3. Seek needs and solutions in adjacent markets and nonobvious, analogous markets, in addition to target markets.

4. Employ a cross-disciplinary team, bringing in perspectives from various parts of the organization.

The interactions with the lead-users tend to be more exploratory and abstract rather than mechanical description of activities: “they are in the spirit of “What do you know?”, “What do you think?”, and “What is your intuition?” The interviewers aim to understand the perspectives and insights of the interviewees, seeking out stories that are rich in concrete examples”

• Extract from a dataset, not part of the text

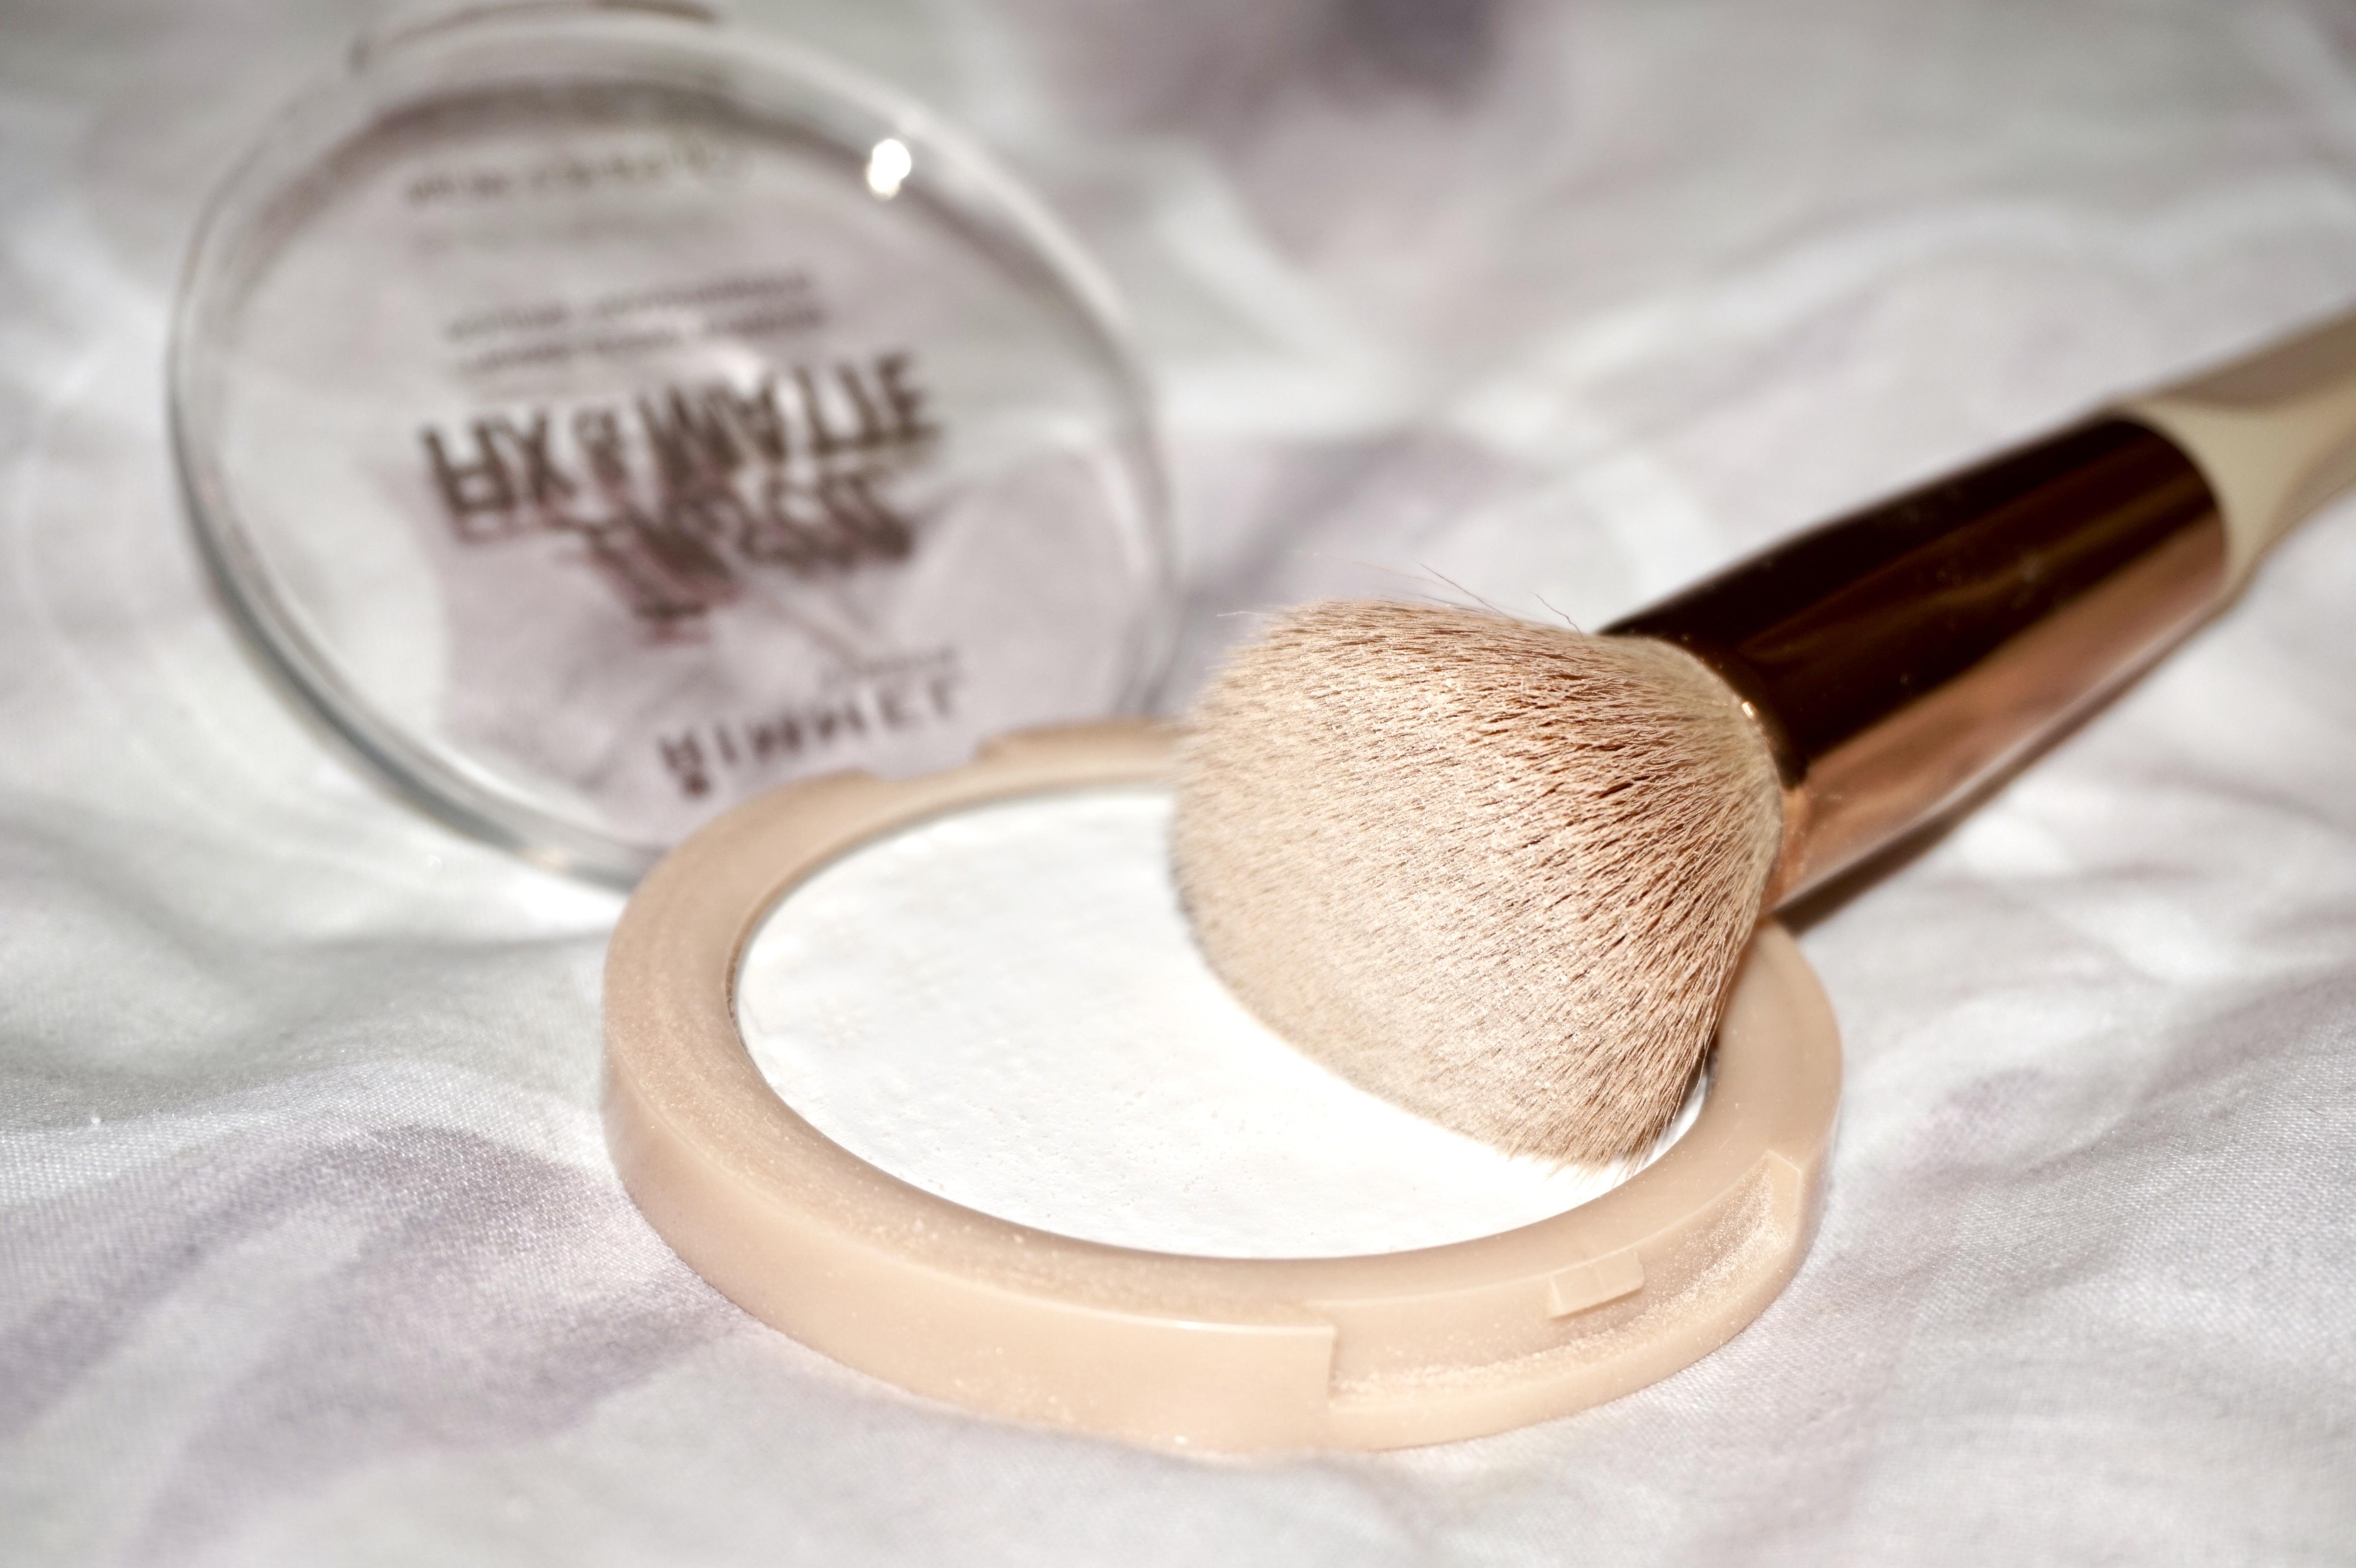 splash of glam make-up powder

A few interesting proofs that Eisenberg uses are the 3M case, where a majority of projects that identified lead-user research needs or opportunities ended up becoming funded products, and Lego which incorporated community feedback including that from lead-users, which became new product lines.

Some of the challenges for this approach are:

- Finding the right people: Reaching the real lead users and lead-use experts.

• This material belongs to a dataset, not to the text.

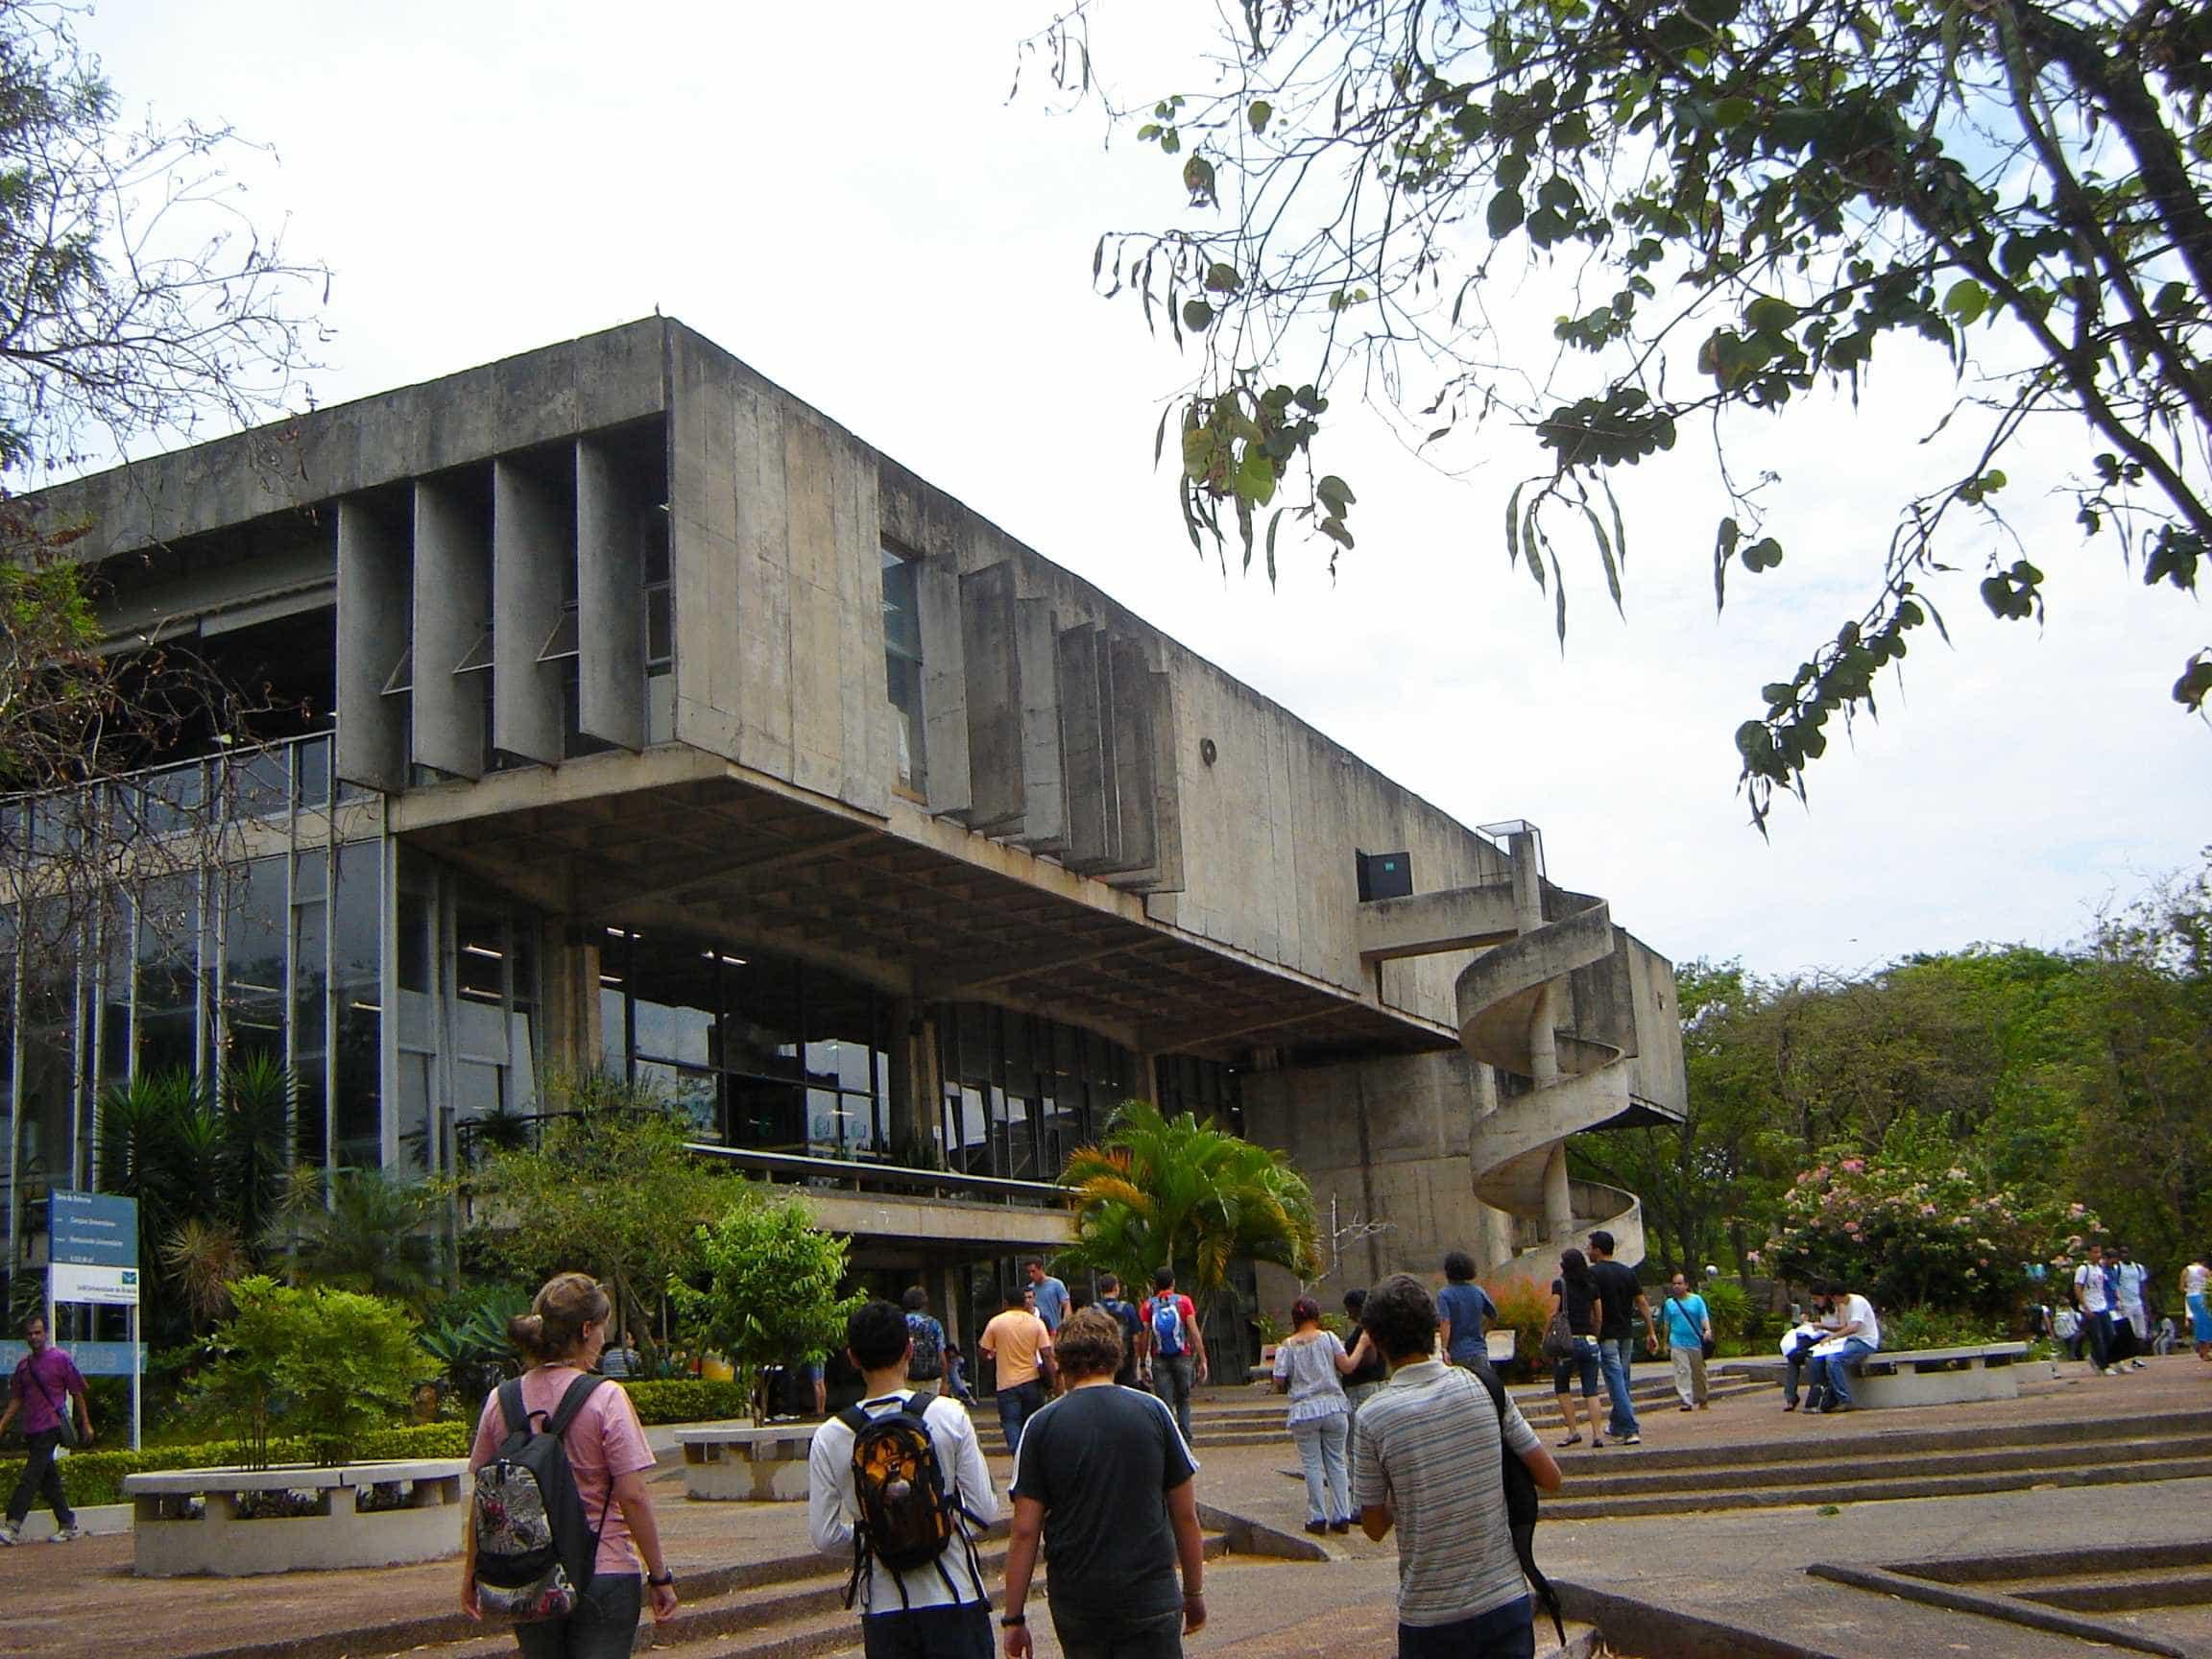 Estudante da UnB é encontrado morto em área da universidade

- Getting the right people to answer the e-mail or phone call.

- Remaining open-minded about problems and solutions.

Questions

- How can a startup, without the large presence or foothold with customers, find and work with lead-users in large enterprises?

- How can a startup divide its limited resources to be able to adequately iterate just the right amount to identify, prototype, and validate its solutions for the needs/opportunities?

Non-class reading: A low-flying pet supplies company just sold to PetSmart in the biggest e-commerce sale ever

Chewy.com — a startup that sells dog and cat food was recently acquired by PetSmart for $3.35B. Personalization (handwritten thank-you notes), as well as an extremely attentive and responsive customer support (one sixth of its entire workforce) helped Chewy gain a pre-acquisition market share of 43% of the online pet food sales, compared to a 48% from Amazon.

Chewy successfully identified a market that could be disrupted by leveraging the love people have to their pets, and capitalized on the opportunity to use a high-customer focus on their approach to sell pet food, making the entire process a satisfying, personalized (more adequately, a pet-onalized) experience.

Given the perceived quality of service, as well as their customer base, Chewy was acquired before it went public.